Tauke/pedagang penampung merupakan sarana ekonomi yang memberikan sumbangan berarti terhadap perekonomian penduduk Kelurahan Karas, khususnya yang bekerja sebagai nelayan. Mereka merupakan salah satu mata rantai pemasaran hasil produksi nelayan di tingkat kelurahan karena tidak adanya tempat pelelangan ikan. Masing-masing tauke biasanya mempunyai sekitar 15-20 orang anak buah, yaitu nelayan yang secara tetap menjual hasil melaut kepada tauke.

Secara keseluruhan terdapat sebelas orang penampung di kelurahan ini, semuanya merupakan warga pribumi dan beberapa di antaranya adalah pendatang beretnis Jawa.
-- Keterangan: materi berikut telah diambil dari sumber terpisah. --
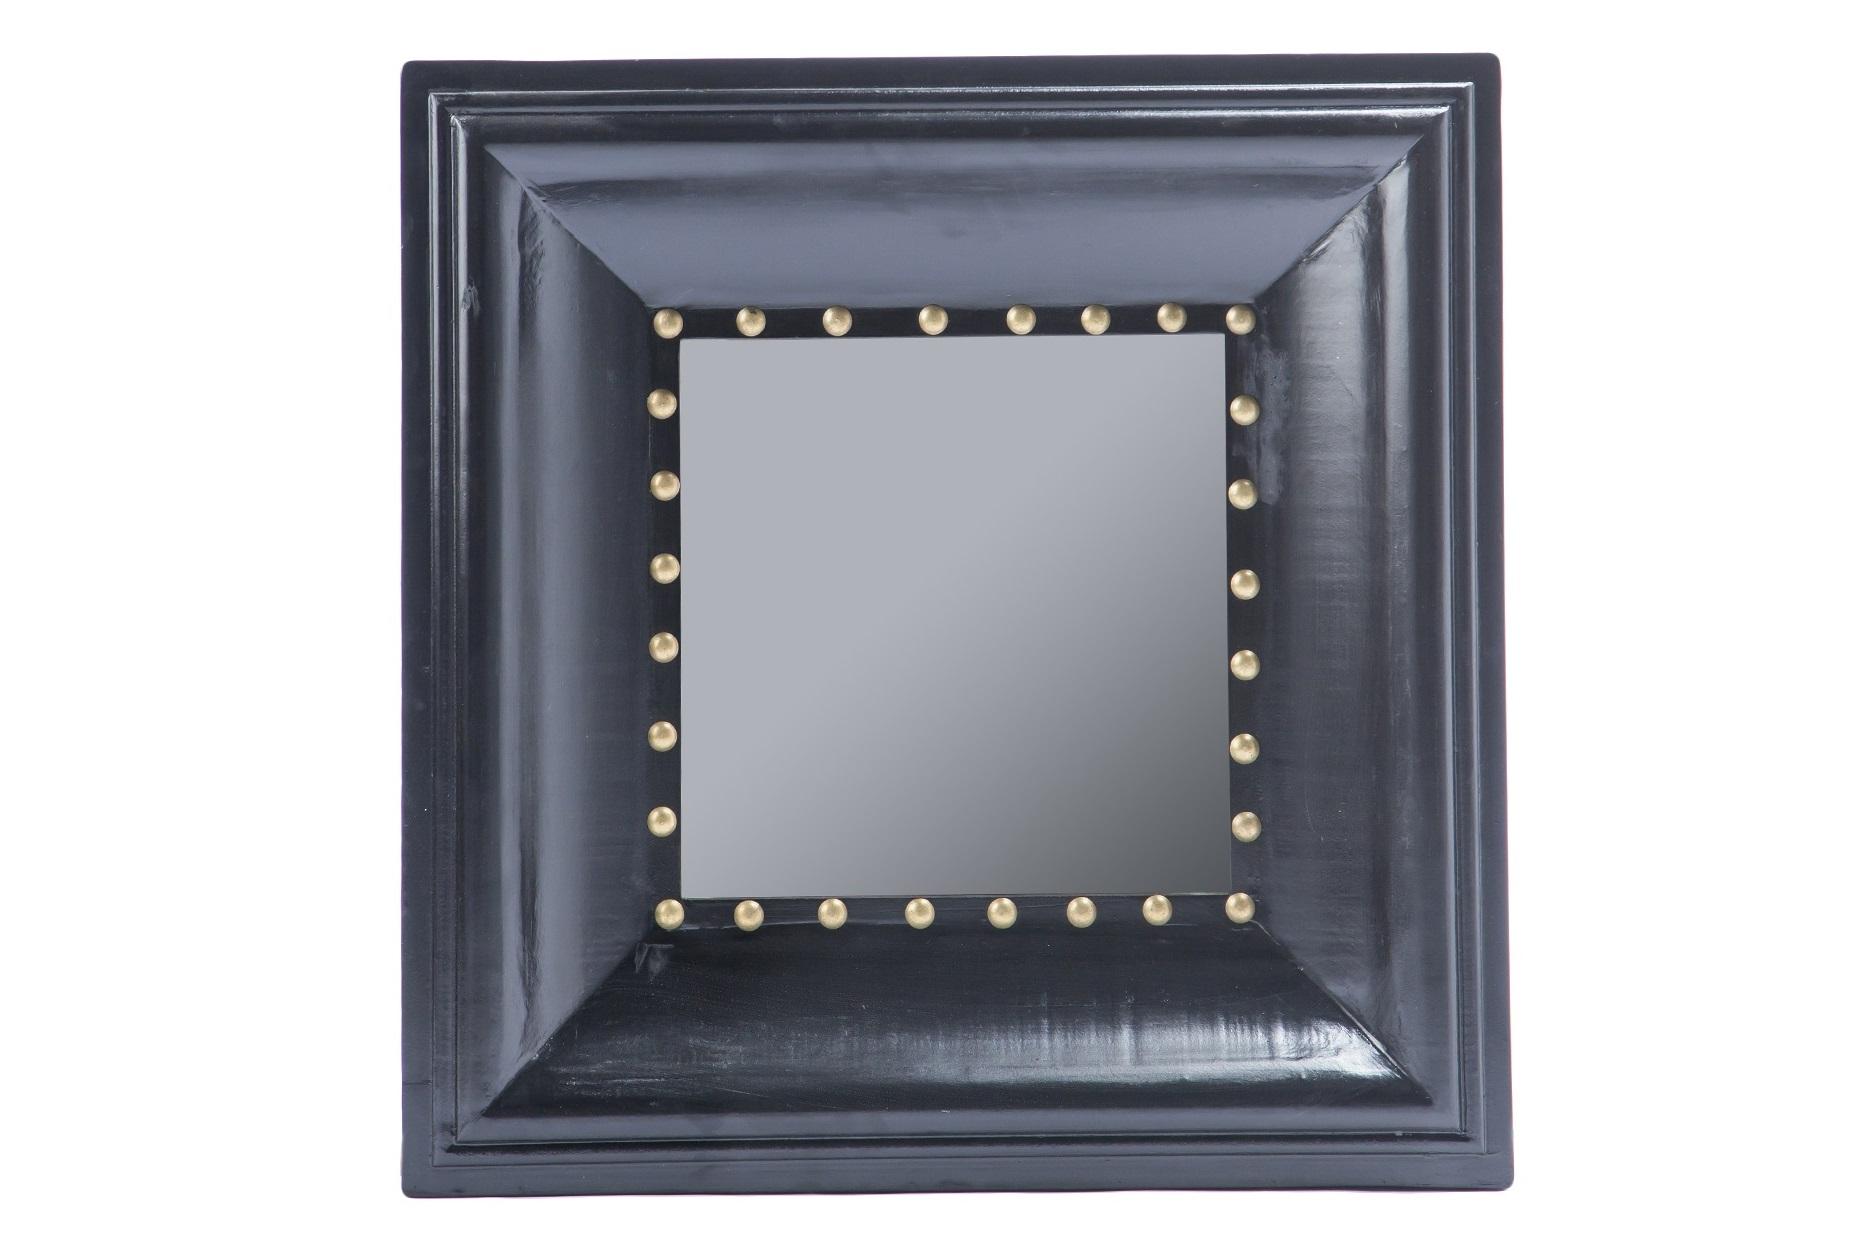 ЗеркалоНастенные зеркала<br>Зеркало в квадратной черной раме, украшенной декоративными гвоздиками.<br><br>Material: МДФ<br>Ширина см: 81<br>Высота см: 81<br>Глубина см: 10

Dari semua pedagang pengumpul tersebut, hanya lima orang yang aktif menjalankan usahanya (wawancara dengan narasumber, pegawai di Kelurahan Karas). Kelimanya mempunyai “pelabuhan pendaratan” kapal (masyarakat

setempat menyebutnya ‘pelantar’) sendiri dan mereka membawa hasil tangkapan yang dibeli dari nelayan setiap dua hari sekali ke Tanjung Pinang untuk dijual kepada pedagang (besar) di sana. Sementara itu, enam penampung yang lain tidak memiliki ‘pelantar’ dan juga tidak melakukan usahanya secara rutin.
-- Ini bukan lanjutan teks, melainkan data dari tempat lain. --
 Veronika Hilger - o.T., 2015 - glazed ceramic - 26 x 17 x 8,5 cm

Sebagaimana halnya pedagang pengumpul di berbagai daerah nelayan lainnya, tauke/pedagang pengumpul di Kelurahan Karas ini juga memberikan piutang kepada anak buah mereka, baik untuk modal melaut maupun untuk kebutuhan rumah tangga. Namun, dibandingkan dengan tauke/pedagang pengumpul di daerah di sekitarnya, misalnya Kelurahan Pulau Abang yang juga terletak di Kecamatan Galang, jumlah pinjaman yang diberikan jauh lebih sedikit. Jika tauke/pengumpul di Kelurahan Pulau Abang mampu memberikan pinjaman berupa perahu beserta mesinnya (Romdiati dan Noveria, 2007), tauke di Kelurahan Karas paling banyak hanya meminjamkan uang sekitar Rp. 1.000.000,- kepada anak buahnya (wawancara dengan narasumber yang bekerja sebagai nelayan). Sarana ekonomi lainnya yang terdapat di Kelurahan Karas adalah usaha bank keliling yang dilakukan oleh tiga sampai empat orang beretnis Batak yang berasal dari Tanjung Pinang. “Lembaga” ini menjalankan usaha melalui pemberian kredit kepada masyarakat dengan bunga yang sangat tinggi. Bunga yang dikenakan sebesar 20 persen dari pinjaman pokok dengan waktu peminjaman selama empat puluh hari. Kondisi ini sangat memberatkan masyarakat, sehingga ada upaya dari pihak pemerintah kelurahan untuk menghentikan praktik bank keliling tersebut. Namun, usaha yang dilakukan tidak sepenuhnya berhasil karena kenyataannya masih ada masyarakat yang meminjam uang dari bank keliling.